*** Opening of Data for the task ***
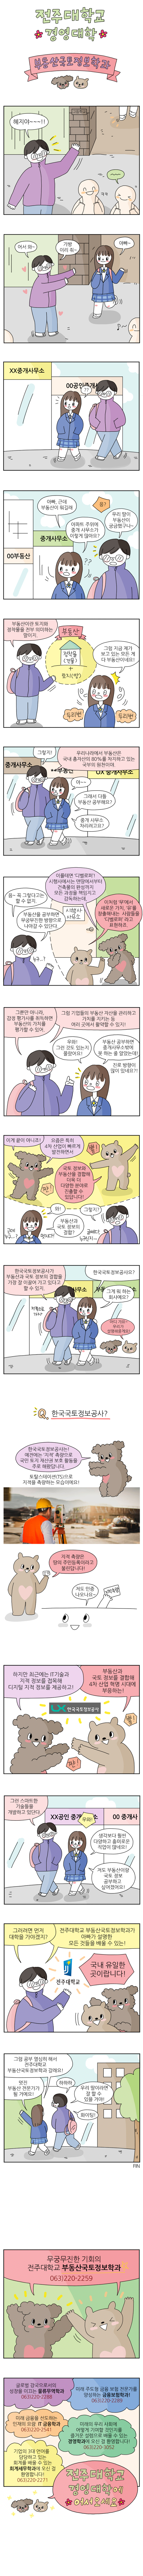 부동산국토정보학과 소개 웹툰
*** Close of Data for the task ***
*** Opening of Data for the task ***
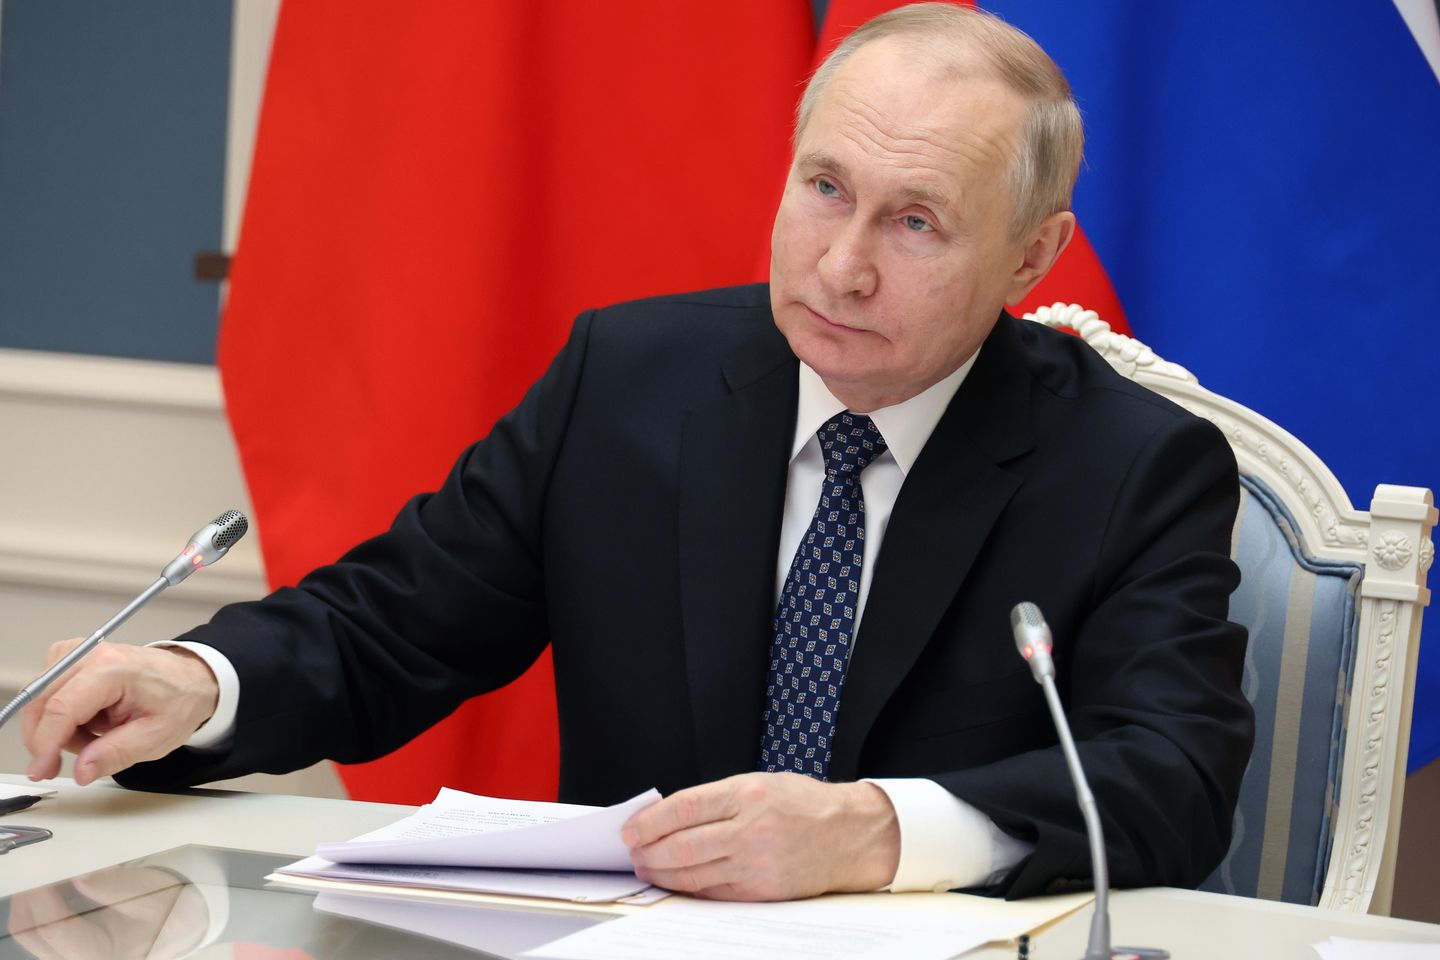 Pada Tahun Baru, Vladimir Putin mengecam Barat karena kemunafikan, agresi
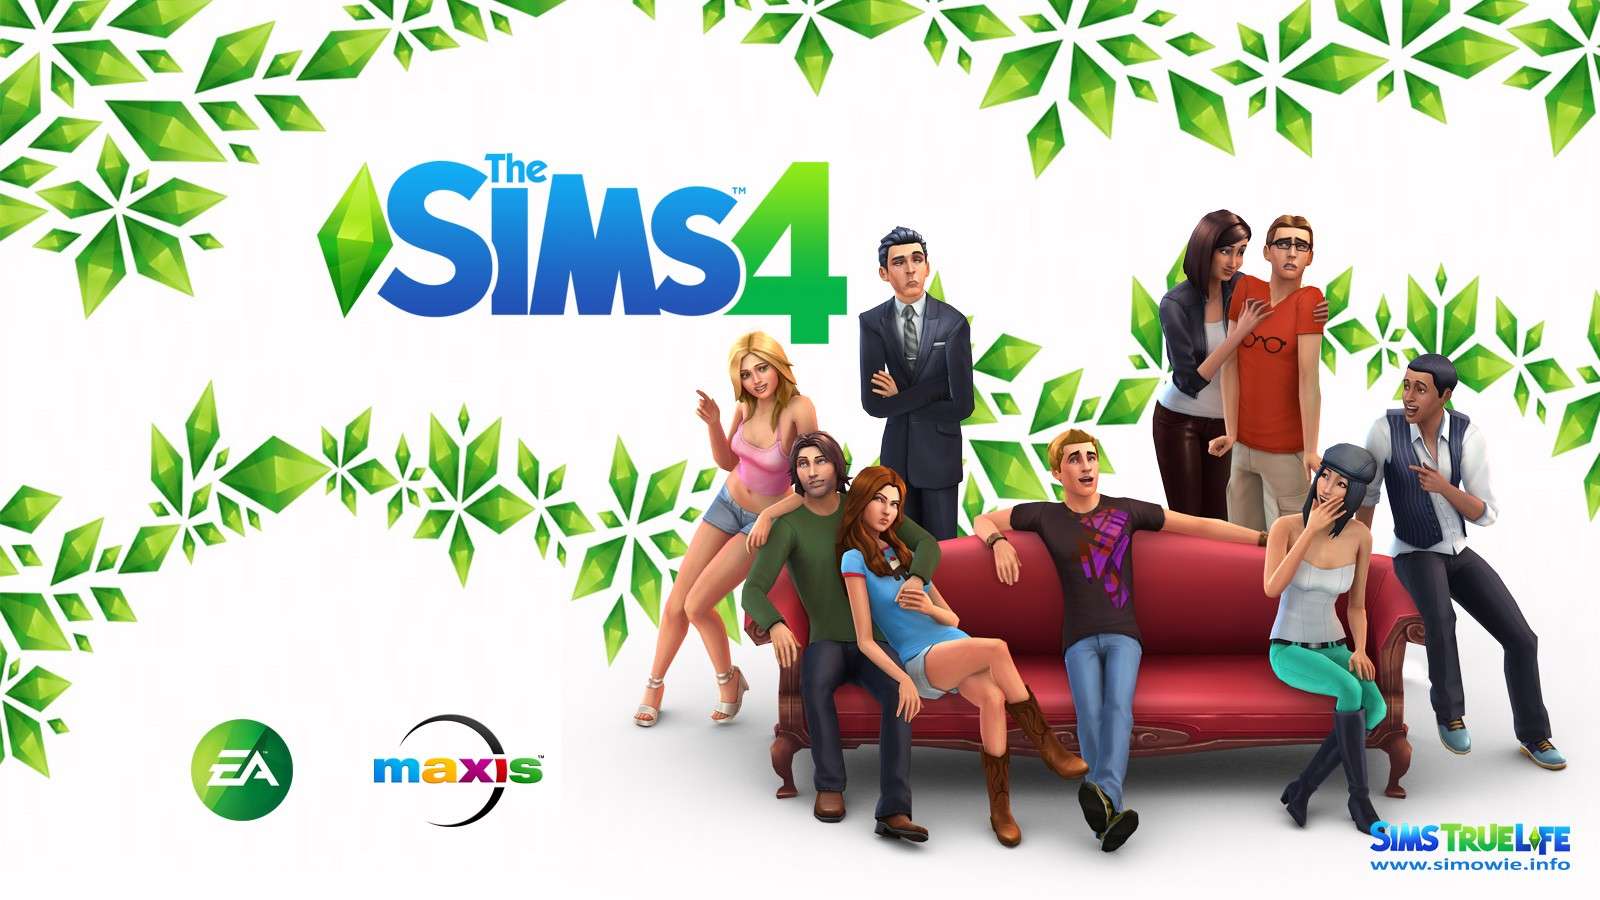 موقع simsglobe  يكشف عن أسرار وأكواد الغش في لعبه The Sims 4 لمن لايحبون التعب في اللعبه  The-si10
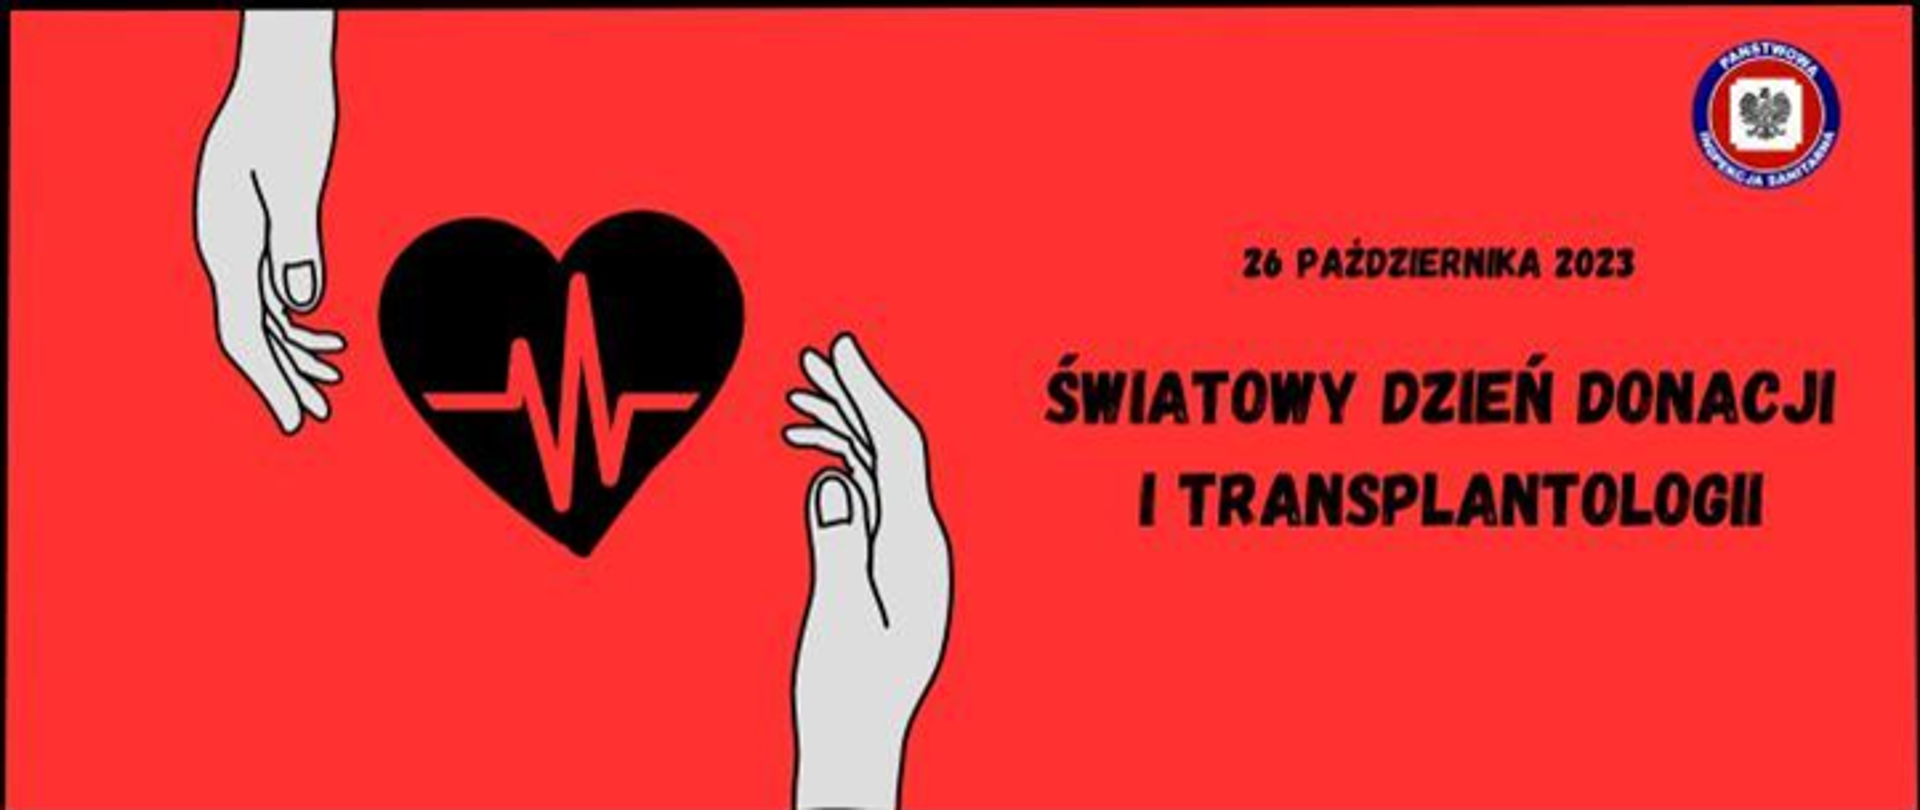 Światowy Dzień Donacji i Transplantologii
*** Close of Data for the task ***
*** Opening of Data for the task ***
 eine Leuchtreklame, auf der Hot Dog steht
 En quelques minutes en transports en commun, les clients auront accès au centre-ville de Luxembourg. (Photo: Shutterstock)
*** Close of Data for the task ***
* [Task directions] Print nothing except the lines above from the one containing "Pada Tahun Baru, Vladimir" down to the one containing "Światowy Dzień Donacji i Transplantologii", both included, exactly as written and free of pictures.

* [Completed exercise]
 Pada Tahun Baru, Vladimir Putin mengecam Barat karena kemunafikan, agresi
 موقع simsglobe  يكشف عن أسرار وأكواد الغش في لعبه The Sims 4 لمن لايحبون التعب في اللعبه  The-si10
 Światowy Dzień Donacji i Transplantologii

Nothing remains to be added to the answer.